# Ich habe da mal ne Frage...



## Maireen (18. Juli 2007)

Weiß jemand etwas darüber ob schon sowas wie ne kleine Datanbank für Rezepte geplant ist?
Ich überlege schon seit längerem ob ich ne Rezeptsammlung ausarbeiten soll oder nicht. Für meine Sippe habe ich schon eine kleinere Version aufgebaut aber nur die einfachen Rezepte. Idealer wäre es natürlich wenn man direkt dazu packt welche Rohstoffe man dafür benötigt und was daraus entsteht.
Wenn ich ne HP hätte würde ich mich wohl daran probieren, aber hab ich leider nicht und ne Sammlung in nen Post zu knallen ist..naja nicht wirklich von Nutzen.
Also sollte jemand wissen ob sowas in Planung ist ob, wir das später machen können oder die buffies selbst kann ja mal ein kurzes Statement abgeben.
Dankescheen!


----------



## Myronn (18. Juli 2007)

Dass es konkret geplant ist glaube ich nicht. Aber wenn es Sinn macht? Why not? 

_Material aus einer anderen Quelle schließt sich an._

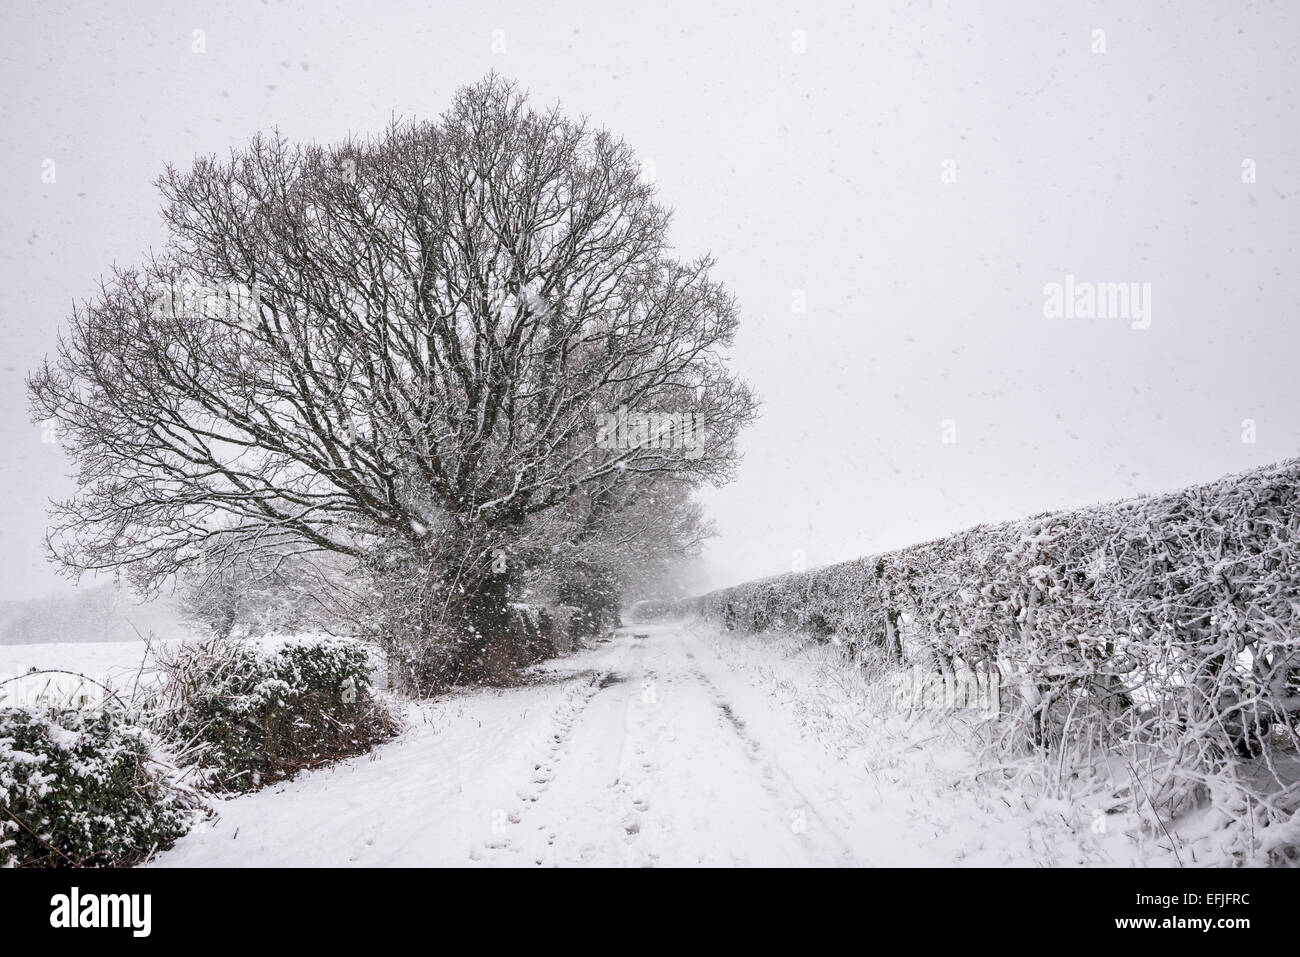 An English country lane sur un matin d'hiver enneigé. La neige a couvert les haies et les grands chênes,. Banque D'Images

@Crowley & Co was haltet ihr denn davon?

Viele Grüße
Uwe


----------



## -bloodberry- (18. Juli 2007)

Mir ist auch nicht bekannt, dass so etwas von buffed aus geplant ist.

Wäre aber mal stark dafür, dass sich die Forum-Community mal mit den buffed-Leuten zusammentut und vielleicht eine eigene Sektion auf der Hauptseite aufmacht (im HDRO-Bereich natürlich).
Denn mir fallen spontan schon einige Threads ein, die sich auch auf der Hauptseite gut machen würde, aufgrund einiger besserer Design-Möglichkeiten würden sich diese dort sogar besser machen.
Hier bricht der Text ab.